Task brief:
Every line from the one containing "selfcare is not selfish" through the end of the listing below must be given again exactly, and nothing else; exclude pictures.

Source material:
--- --- ---

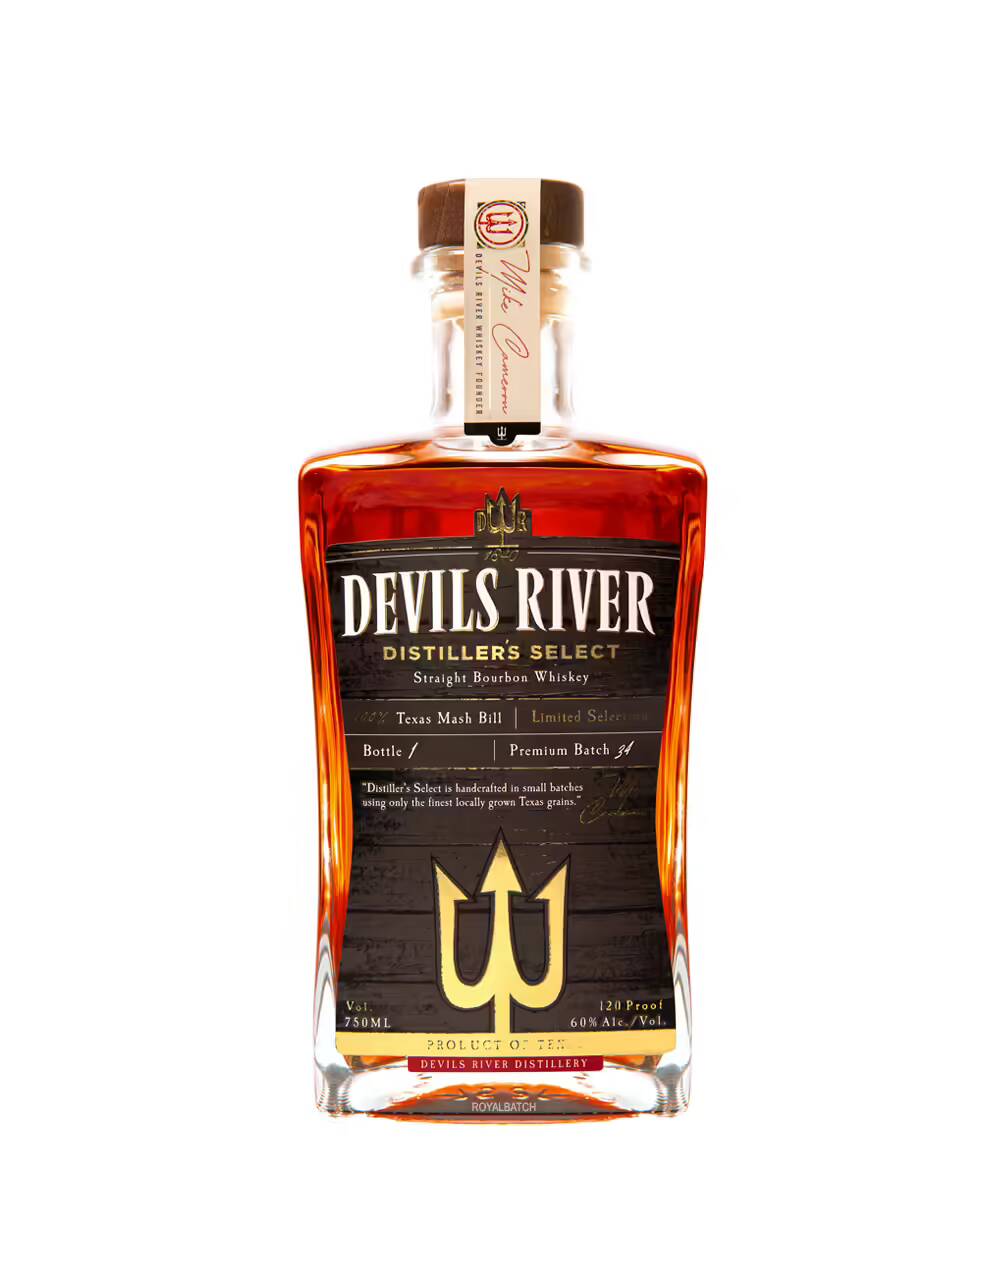 Devils River Distillers Select Texas Mash Bill Limited Selection Straight Bourbon Whiskey
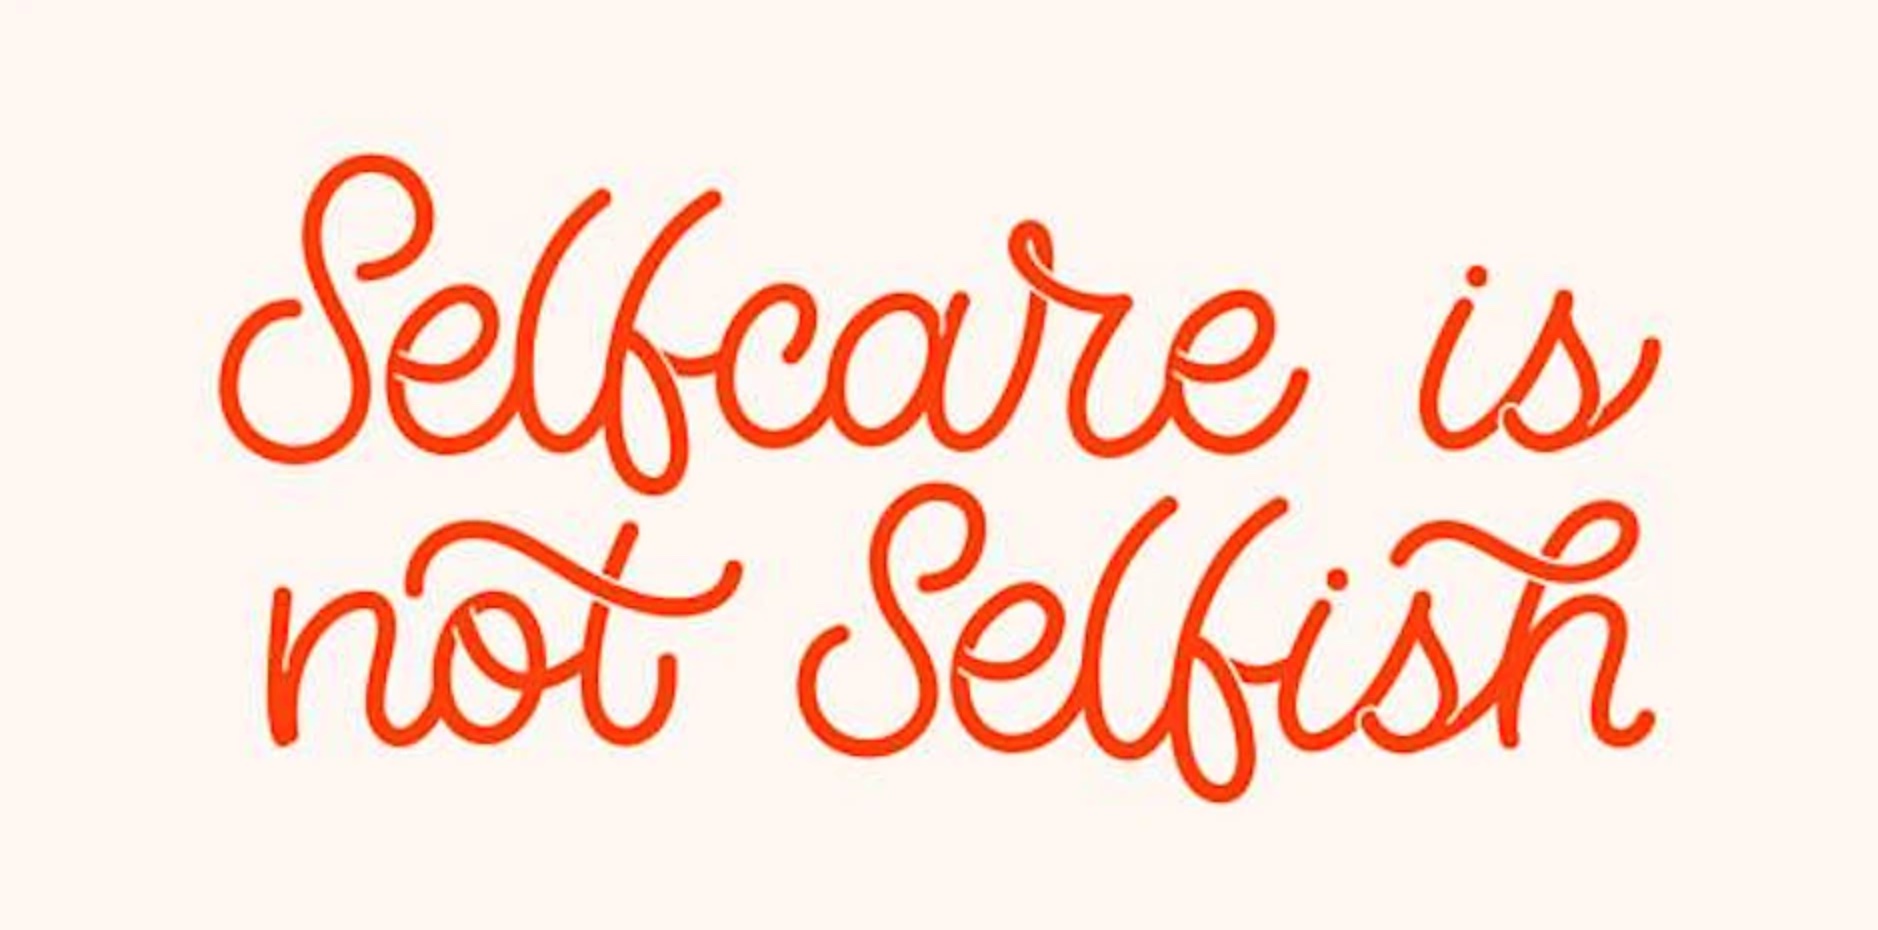 selfcare is not selfish
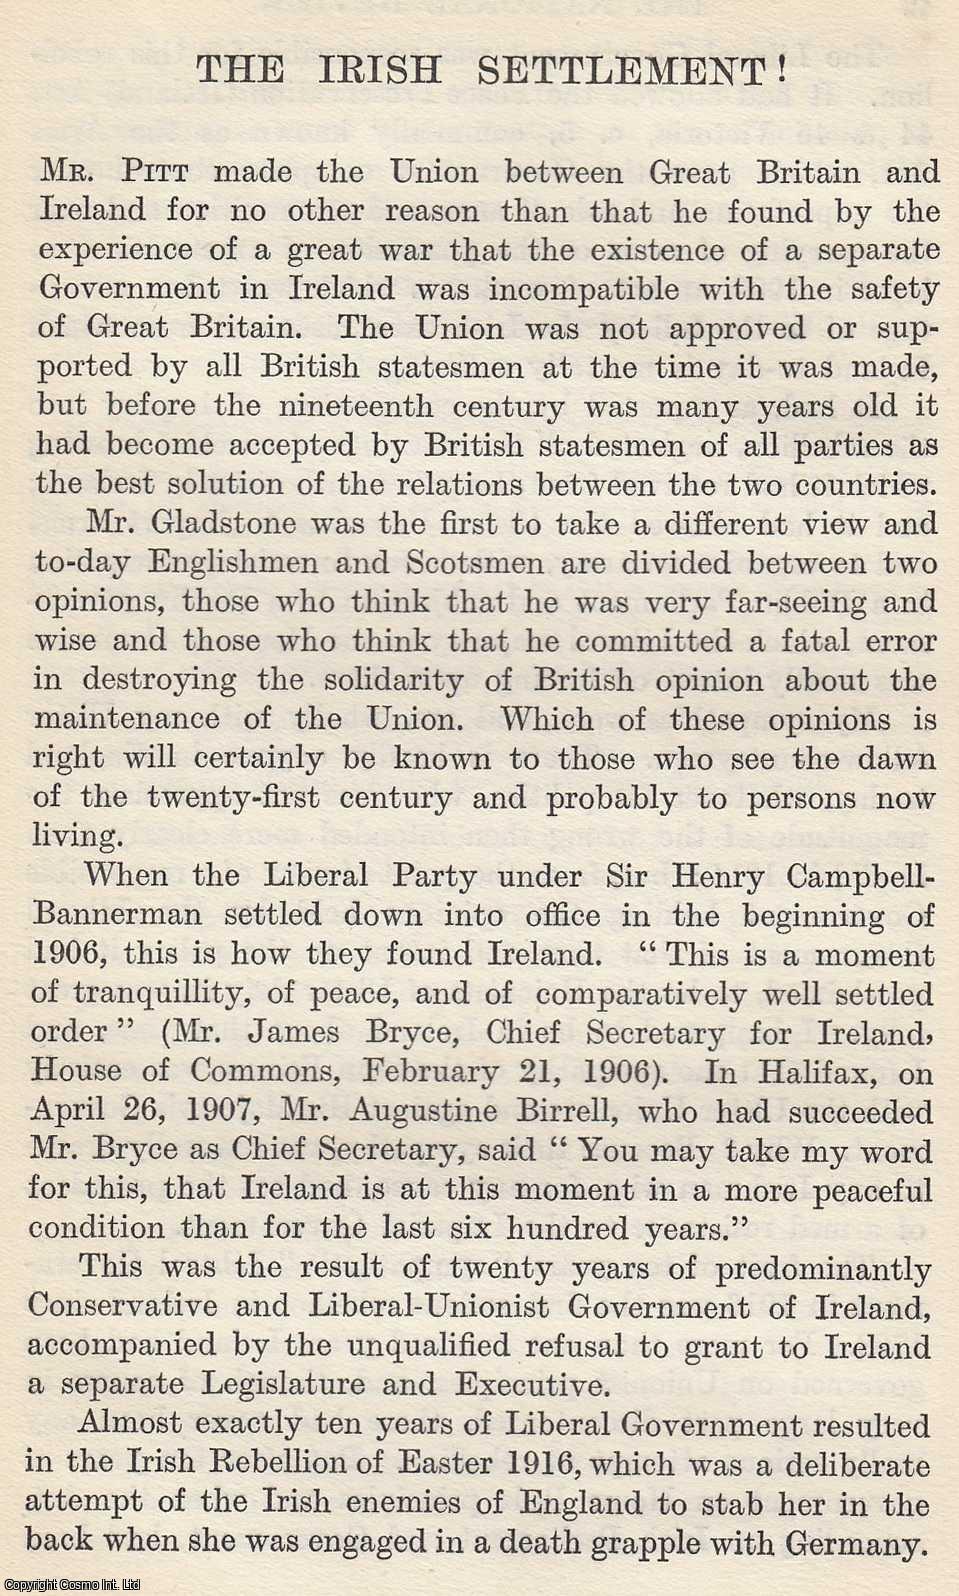 IRISH FREE STATE - The Irish Settlement. By The Earl of Selborne, K.G. An original article from The National Review, 1923.

--- --- ---

Task response:
 selfcare is not selfish
 IRISH FREE STATE - The Irish Settlement. By The Earl of Selborne, K.G. An original article from The National Review, 1923.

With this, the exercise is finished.